Treasury bills — also called T-bills — are short-term debt securities issued by the U.S. federal government. They are considered one of the safest investments in the world because they are backed by the full faith and credit of the United States government.
T-bills have become especially popular in recent years as a way to earn competitive returns on cash without taking on significant risk.
How T-Bills Work
T-bills are sold at a discount to their face value. You buy them for less than their face value and receive the full face value when they mature. The difference is your return.
Example: You buy a $10,000 T-bill for $9,750. When it matures 26 weeks later, you receive $10,000. Your return is $250.
T-Bill Maturities
- 4 weeks (approximately 1 month)
- 8 weeks (approximately 2 months)
- 13 weeks (approximately 3 months)
- 17 weeks (approximately 4 months)
- 26 weeks (approximately 6 months)
- 52 weeks (approximately 1 year)
How T-Bills Are Taxed
- Subject to federal income tax in the year the bill matures
- Exempt from state and local income taxes — a major advantage for investors in high-tax states like California or New York
How to Buy T-Bills
Option 1: TreasuryDirect.gov
The U.S. Treasury’s direct platform lets you buy T-bills with no fees. Minimum purchase is $100. Auctions happen weekly. The interface is dated, and selling before maturity is complicated — best if you plan to hold to maturity.
Option 2: Through a Brokerage
Most major brokerages (Fidelity, Schwab, Vanguard, Interactive Brokers) offer T-bills in the secondary market. This gives you more flexibility to sell before maturity. Look in the “Fixed Income” or “Bonds” section of your brokerage.

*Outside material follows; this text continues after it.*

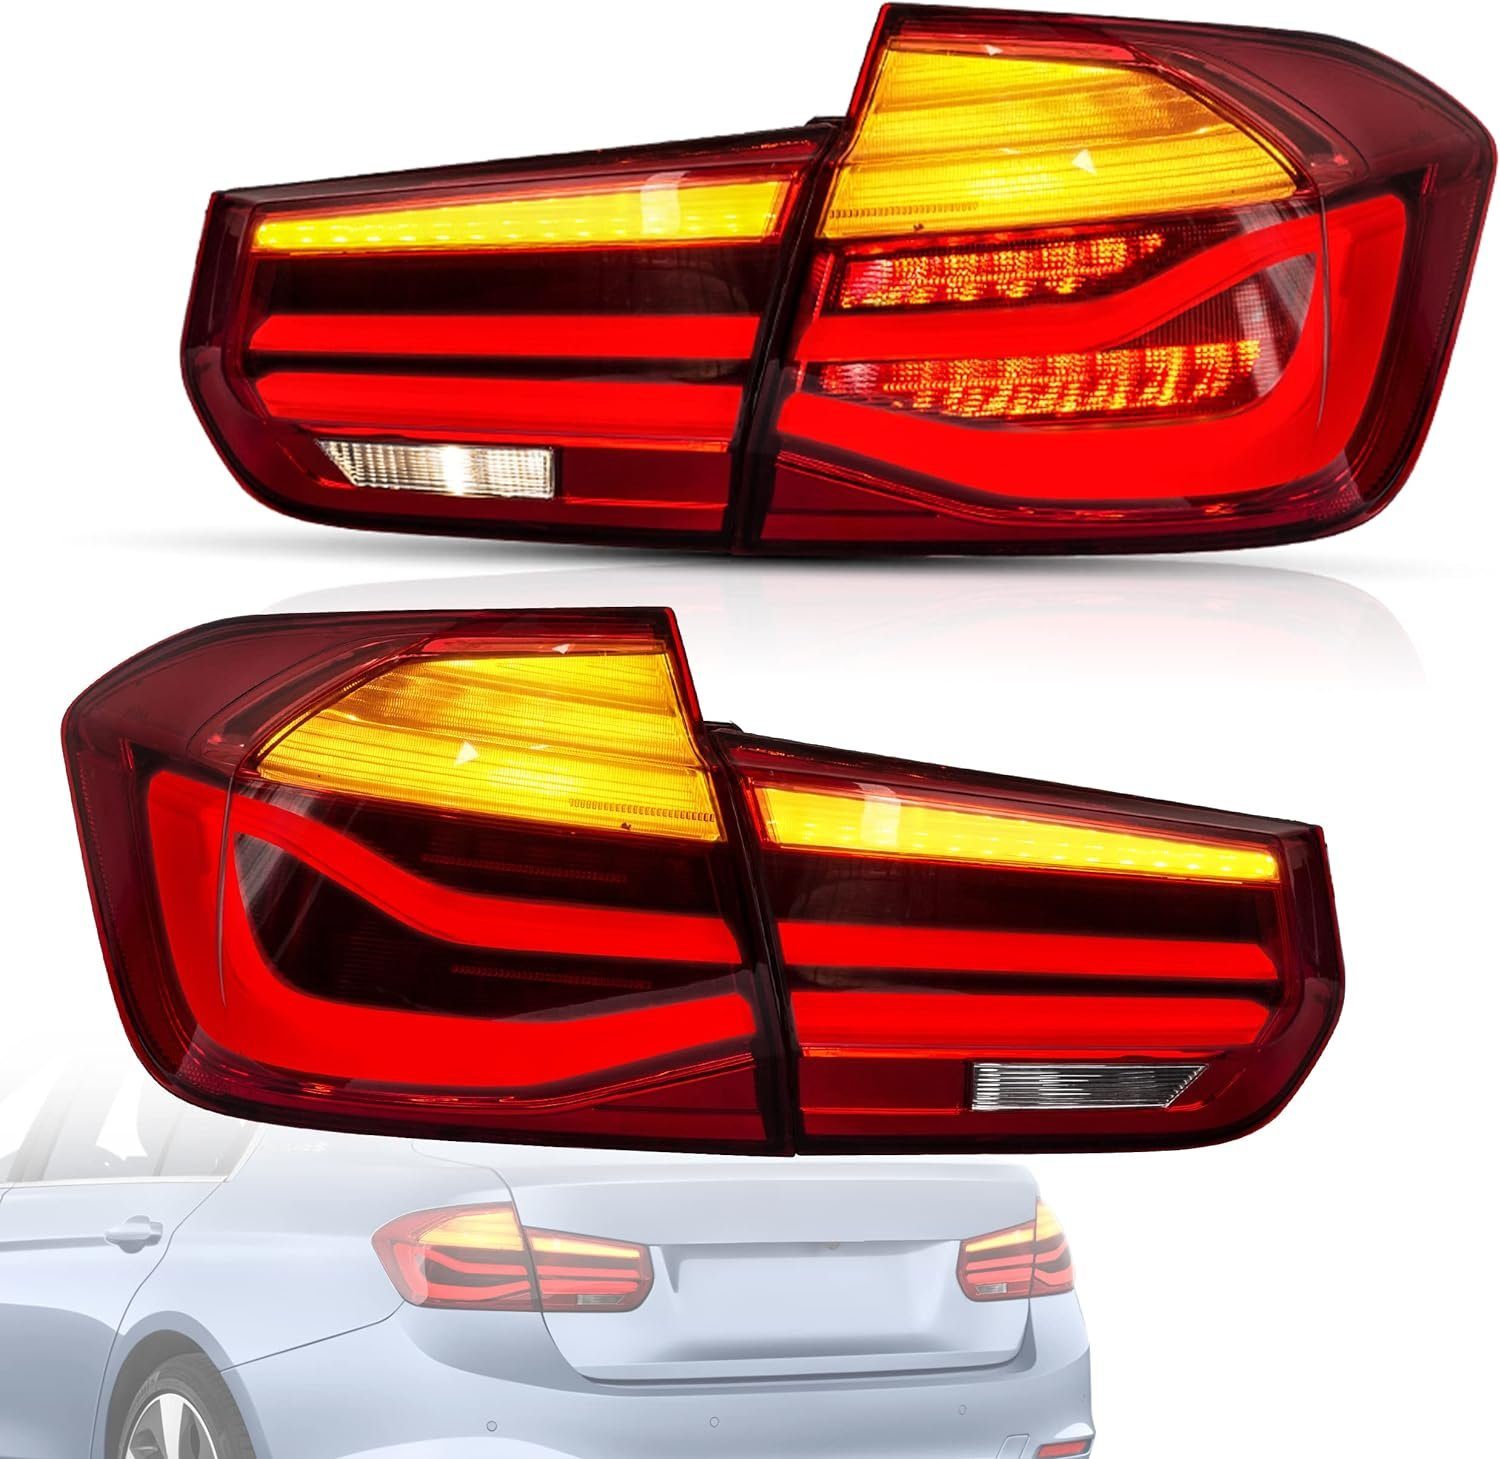 LLCTOOLS Rückleuchte Hell leuchtende LED Rückleuchte mit E-Prüfzeichen passend für BMW, Rücklicht, Bremslicht, Blinklicht und Rückfahrlicht, LED fest integriert, Voll LED, Dynamischer Blinker, Hochwertiges LED Rücklicht Auto mit Bremsfunktion

T-Bills vs. High-Yield Savings Accounts vs. CDs
| T-Bills | High-Yield Savings Account | CD | |
|---|---|---|---|
| State tax exempt? | Yes | No | No |
| Federal insured? | Government-backed | FDIC up to $250K | FDIC up to $250K |
| Minimum | $100 | Usually $0 | Varies |
| Liquidity | Fixed term (can sell early via broker) | Instant | Fixed term, penalty to break |
Who Should Buy T-Bills?
- Investors in high-tax states who want the state tax exemption
- Anyone parking cash for a known future expense due within a year
- Conservative investors who want maximum safety
Bottom Line
T-bills are a simple, safe way to earn a return on cash you do not need right away. The state tax exemption and government backing make them a strong alternative to high-yield savings accounts, particularly for investors in high-income-tax states.